Source records:
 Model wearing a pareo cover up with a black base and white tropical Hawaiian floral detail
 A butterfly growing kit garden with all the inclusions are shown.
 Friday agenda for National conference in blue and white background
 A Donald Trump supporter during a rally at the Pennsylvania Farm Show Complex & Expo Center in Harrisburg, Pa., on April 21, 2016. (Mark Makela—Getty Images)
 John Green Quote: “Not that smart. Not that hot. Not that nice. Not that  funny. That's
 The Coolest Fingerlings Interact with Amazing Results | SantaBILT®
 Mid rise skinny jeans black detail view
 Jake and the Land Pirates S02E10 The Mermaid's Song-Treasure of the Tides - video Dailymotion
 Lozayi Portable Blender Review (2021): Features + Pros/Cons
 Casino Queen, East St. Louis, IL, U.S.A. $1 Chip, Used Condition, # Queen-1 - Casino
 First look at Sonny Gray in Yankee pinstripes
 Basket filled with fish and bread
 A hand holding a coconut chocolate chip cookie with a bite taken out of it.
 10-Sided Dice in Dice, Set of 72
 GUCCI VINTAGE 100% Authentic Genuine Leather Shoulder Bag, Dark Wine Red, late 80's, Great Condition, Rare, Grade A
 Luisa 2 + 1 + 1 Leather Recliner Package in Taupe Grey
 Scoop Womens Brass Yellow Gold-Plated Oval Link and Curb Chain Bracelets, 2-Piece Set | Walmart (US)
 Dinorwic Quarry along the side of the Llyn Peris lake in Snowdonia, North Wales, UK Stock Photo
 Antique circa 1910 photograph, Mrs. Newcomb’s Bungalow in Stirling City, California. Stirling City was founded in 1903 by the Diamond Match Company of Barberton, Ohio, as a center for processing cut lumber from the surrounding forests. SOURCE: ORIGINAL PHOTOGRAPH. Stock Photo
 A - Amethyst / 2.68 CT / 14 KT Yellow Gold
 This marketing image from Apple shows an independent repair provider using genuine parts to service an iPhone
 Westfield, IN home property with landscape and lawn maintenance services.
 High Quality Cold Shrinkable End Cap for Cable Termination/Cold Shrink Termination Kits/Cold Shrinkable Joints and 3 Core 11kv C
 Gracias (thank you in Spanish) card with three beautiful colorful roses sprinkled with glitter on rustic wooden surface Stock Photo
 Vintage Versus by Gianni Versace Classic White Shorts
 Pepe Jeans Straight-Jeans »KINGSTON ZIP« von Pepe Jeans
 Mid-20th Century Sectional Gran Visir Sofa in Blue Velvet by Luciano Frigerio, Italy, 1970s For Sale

Work task: Word for word, set down every line of the material above.

Problem solution:
 Model wearing a pareo cover up with a black base and white tropical Hawaiian floral detail
 A butterfly growing kit garden with all the inclusions are shown.
 Friday agenda for National conference in blue and white background
 A Donald Trump supporter during a rally at the Pennsylvania Farm Show Complex & Expo Center in Harrisburg, Pa., on April 21, 2016. (Mark Makela—Getty Images)
 John Green Quote: “Not that smart. Not that hot. Not that nice. Not that  funny. That's
 The Coolest Fingerlings Interact with Amazing Results | SantaBILT®
 Mid rise skinny jeans black detail view
 Jake and the Land Pirates S02E10 The Mermaid's Song-Treasure of the Tides - video Dailymotion
 Lozayi Portable Blender Review (2021): Features + Pros/Cons
 Casino Queen, East St. Louis, IL, U.S.A. $1 Chip, Used Condition, # Queen-1 - Casino
 First look at Sonny Gray in Yankee pinstripes
 Basket filled with fish and bread
 A hand holding a coconut chocolate chip cookie with a bite taken out of it.
 10-Sided Dice in Dice, Set of 72
 GUCCI VINTAGE 100% Authentic Genuine Leather Shoulder Bag, Dark Wine Red, late 80's, Great Condition, Rare, Grade A
 Luisa 2 + 1 + 1 Leather Recliner Package in Taupe Grey
 Scoop Womens Brass Yellow Gold-Plated Oval Link and Curb Chain Bracelets, 2-Piece Set | Walmart (US)
 Dinorwic Quarry along the side of the Llyn Peris lake in Snowdonia, North Wales, UK Stock Photo
 Antique circa 1910 photograph, Mrs. Newcomb’s Bungalow in Stirling City, California. Stirling City was founded in 1903 by the Diamond Match Company of Barberton, Ohio, as a center for processing cut lumber from the surrounding forests. SOURCE: ORIGINAL PHOTOGRAPH. Stock Photo
 A - Amethyst / 2.68 CT / 14 KT Yellow Gold
 This marketing image from Apple shows an independent repair provider using genuine parts to service an iPhone
 Westfield, IN home property with landscape and lawn maintenance services.
 High Quality Cold Shrinkable End Cap for Cable Termination/Cold Shrink Termination Kits/Cold Shrinkable Joints and 3 Core 11kv C
 Gracias (thank you in Spanish) card with three beautiful colorful roses sprinkled with glitter on rustic wooden surface Stock Photo
 Vintage Versus by Gianni Versace Classic White Shorts
 Pepe Jeans Straight-Jeans »KINGSTON ZIP« von Pepe Jeans
 Mid-20th Century Sectional Gran Visir Sofa in Blue Velvet by Luciano Frigerio, Italy, 1970s For Sale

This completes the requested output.